Un des aspects inquiétants de cette hypothèse, a-t-elle expliqué à La Presse Canadienne, est que «les modèles d'IA sont utilisés pour créer des pages web et des publications sur les médias sociaux [et] ces contenus peuvent être réutilisés pour entraîner d’autres modèles d’IA» qui, à leur tour, seront utilisés pour créer des pages web et des publications sur les médias sociaux qui, elles, entraîneront la prochaine génération de modèles d’IA, etc.

«C’est le phénomène des chambres d’écho» qui se multiplient et qui exposent les internautes aux informations qui ne font que confirmer leurs propres croyances, a souligné la chercheuse.

«Le monde de l'IA et des grands modèles de langage, comme chat GPT, crée de nouveaux défis en matière d'éducation et de pensée critique. Nous sommes désormais tout à fait enclins à confier notre réflexion à des machines, à des algorithmes qui présentent encore de profondes failles», a commenté Micheal E Mann en soulignant que «même les meilleurs modèles d’IA» font des erreurs.
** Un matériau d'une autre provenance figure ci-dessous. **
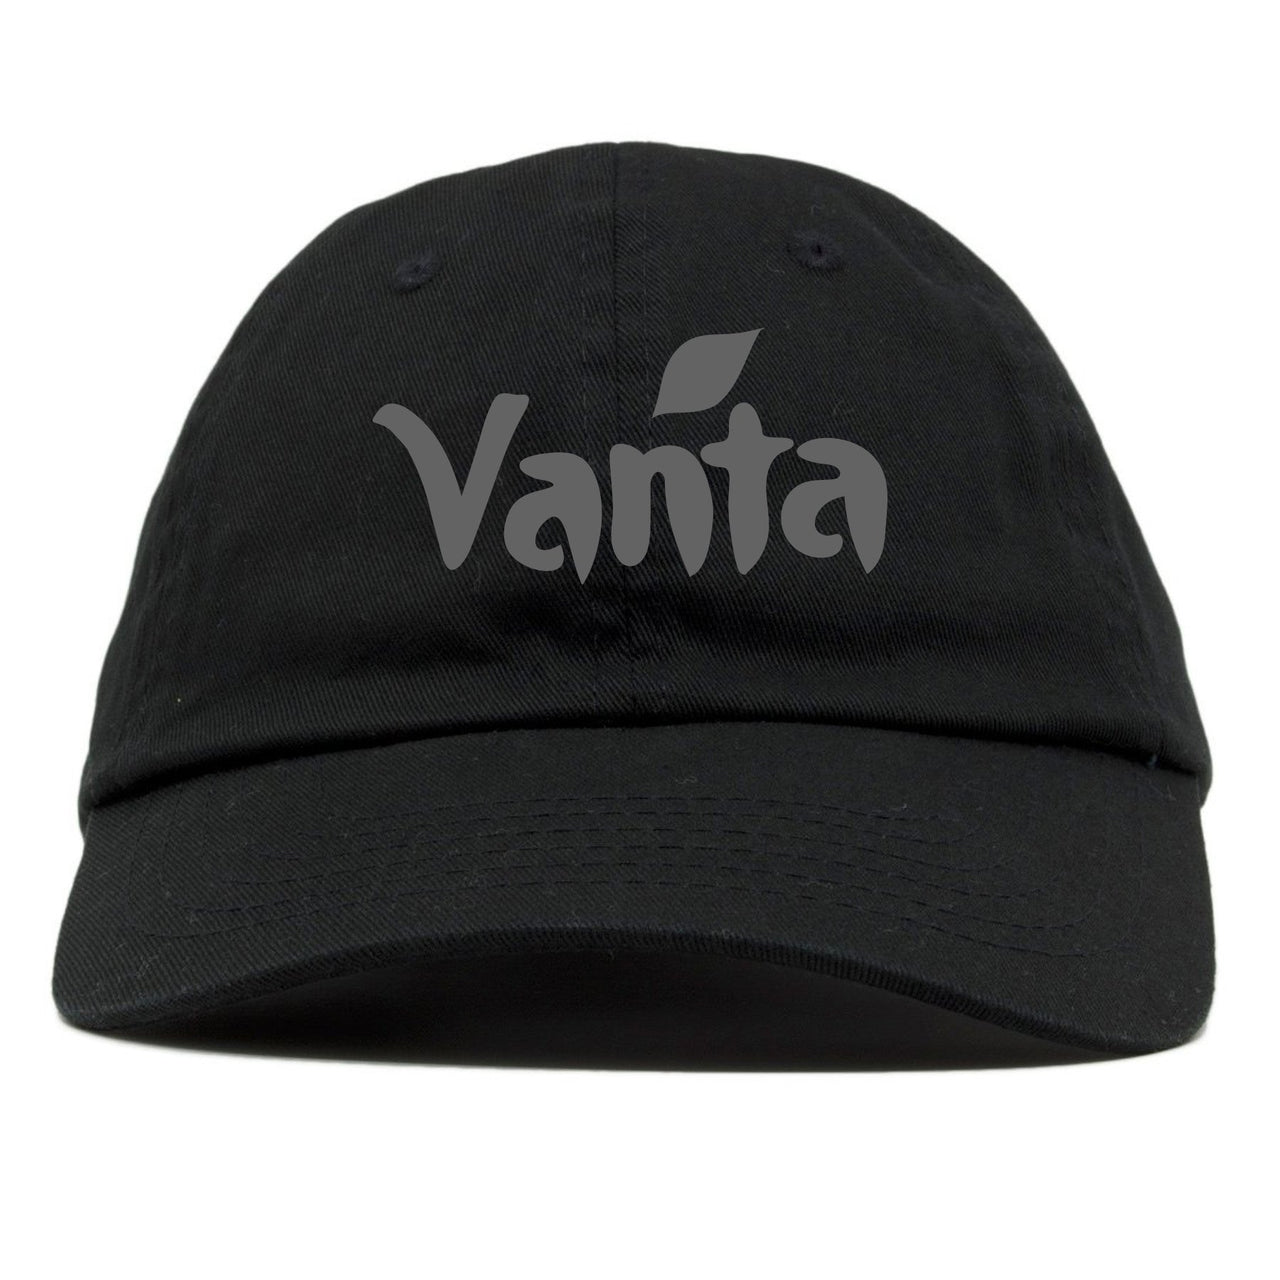 Vanta v2 700s Dad Hat | Vanta, Black

«L’utilisation excessive des agents conversationnels (chatbots) et de l'intelligence artificielle nous rend extrêmement vulnérables à la désinformation », a -t-il ajouté.

En réponse aux inquiétudes d’un enseignant qui assistait à la conférence, Micheal E Mann a expliqué qu'il croyait que le développement de la pensée critique chez les étudiants, demeurait la meilleure façon d’affronter «ce défi majeur de notre époque».

La désinformation, principal risque selon un rapport fédéral

Les inquiétudes soulevées lors du Solvathon 2025 correspondent à des risques identifiés par Horizons de politiques Canada, un groupe de réflexion issue du ministère fédéral de l’Emploi et du Développement social.

Au printemps 2024, ce groupe a publié un rapport qui présente les perturbations auxquelles le pays devrait se préparer dans les prochaines années.

«Les gens ne peuvent pas dire ce qui est vrai et ce qui ne l’est pas» est la perturbation la plus probable, selon ce rapport adressé aux dirigeants.

Cette possible perturbation s’explique par «des outils d’IA génératifs plus puissants, le déclin de la confiance dans les sources de connaissances traditionnelles et des algorithmes conçus pour susciter l’engagement émotionnel plutôt que des rapports factuels».

Les auteurs ont également souligné que «la recherche et la création de preuves scientifiques pourraient devenir de plus en plus difficiles».

En deuxième position de la liste des dix perturbations les plus probables de se produire au pays d'ici le début des années 2030 figure la perte irréversible de la biodiversité et l’effondrement des écosystèmes en raison notamment des changements climatiques.